From the comparison of these sets, it can be concluded that the former cell is related to the latter cell as a 2 ×2 × 2 lattice parameter. In this case the number of atoms would be 162 × 8 = 1296, which can be reduced to 1168 by vacancies. It should be noted that, for Mg₂₈Al₄₅, a reflection (10 10 0) expected from this transformation also exists, but has very weak intensity, and for the construction of the BZ, the next reflection (10 10 2) was taken. Formation of a complex supercell by multiplication of lattice parameters was demonstrated by a classical example of γ-brass phase Cu₅Zn₈. The structure cI52 is formed from bcc with the 2 × 2 × 2 increase of the lattice parameter and an induction of vacancies with some atomic movement that results in an appearance of additional peaks close to the FS, as was discussed by Jones [12]. Interestingly, the forms of the Brillouin zones with faces (8 8 0) and (11 3 3) for Cu₄Cd₃ and Mg₂₈Al₄₅ are similar (Figure 1) and related to the BZ for γ-brass with faces (3 3 0) and (4 1 1), which indicates the structural relationship between all these compounds. Structural presentations of complex intermetallics as multi-fold supercells of basic metallic close-packed lattices were considered in [25,41].

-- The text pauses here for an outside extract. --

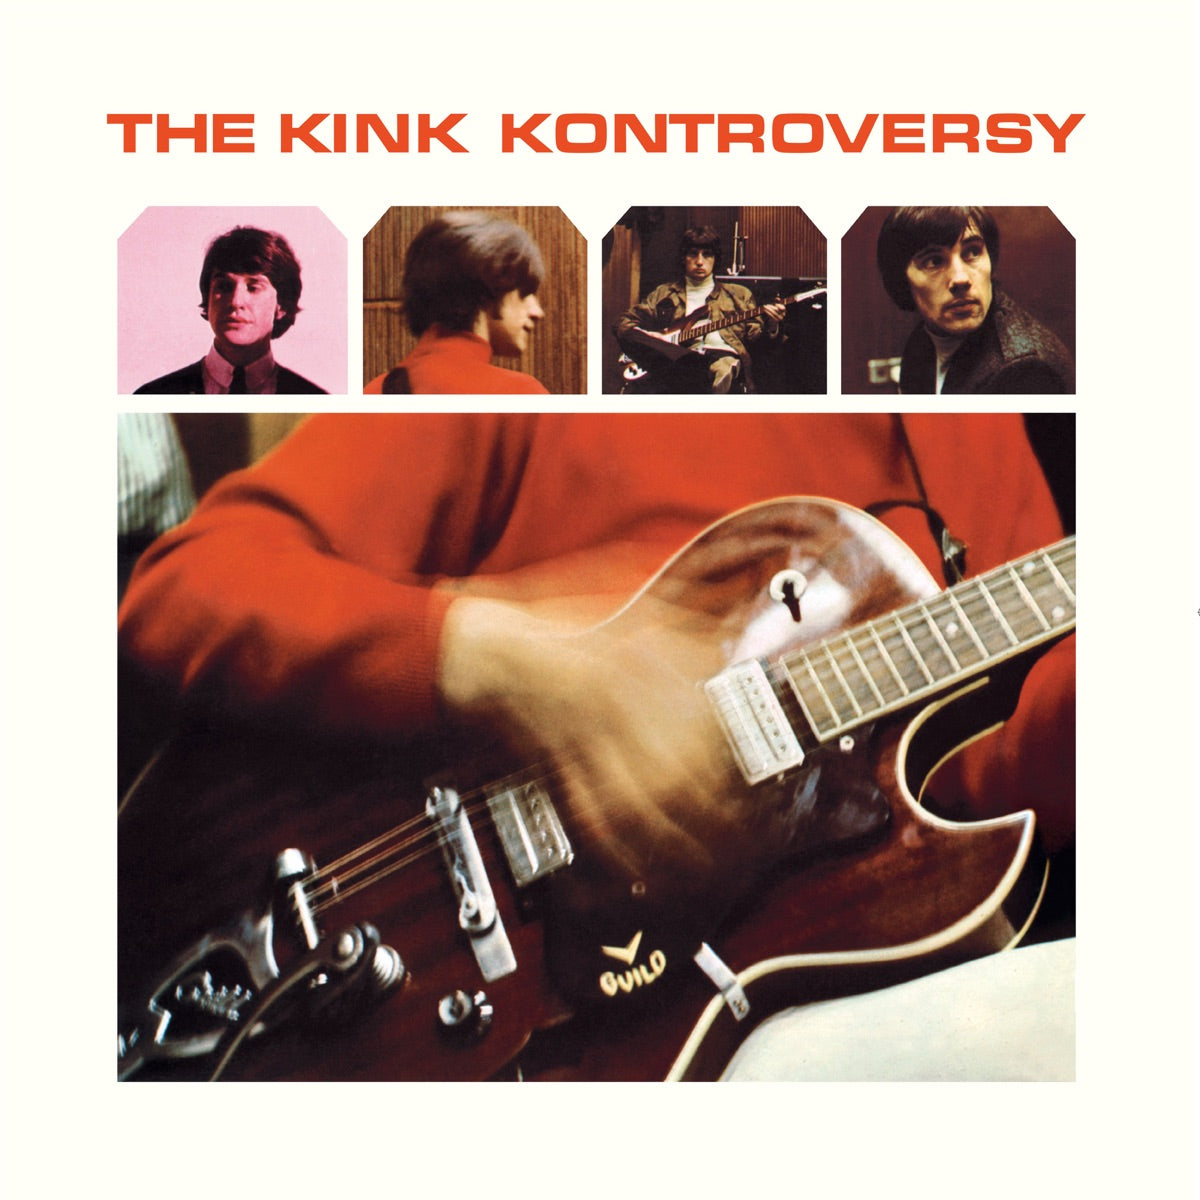 Kinks, The: The Kink Kontroversy (Vinyl LP)

Structural relations of alloy phases that are built with similar short-range clusters are visible by comparison of BZs related to strong diffraction peaks. For Al₅CuLi₃-cI160 the outer BZ with faces (5 0 3), (6 0 0), and (5 3 2), shown in Figure 3b (lower-right), represents a polyhedron that looks like the Brillouin-Jones zone of quasicrystals i-AlMgCu and i-AlLiCu constructed from the first strong peaks [6]. It should be noted, that BZs with this type of polyhedron with faces (5 0 3), (6 0 0), and (5 3 2) exist for all approximants discussed where the only difference is in the location either outside or inside the FS. In both cases the FS–BZ interaction is significant for the crystal structure energy.

4. Conclusions

Structurally-complex alloy phases with tetrahedrally-packed polyhedra of Frank-Kasper type are discussed with reference to the free-electron model of Brillouin zone-Fermi sphere interactions. Electron energy reduction originates through the contact of the FS to the BZ planes, as usually assumed for classical Hume-Rothery phases with relatively simple structures. On their diffraction patterns, complex structures display several peaks of strong intensity that produce Brillouin zone polyhedra enveloped by the FS in contact with some edges or vertices. These FS–BZ configurations should be taken into account for the estimation of electron energy as a convincing reason for stability of such complex intermetallic structures. Complex tetrahedrally-packed intermetallic phases consist of successive atomic building blocks arranged as symmetrical polyhedra. The Brillouin-zone constructions for these structures reveal successive BZ polyhedra with nearly the same form as the atomic clusters in the real space. These effects should be regarded by the theoretical considerations.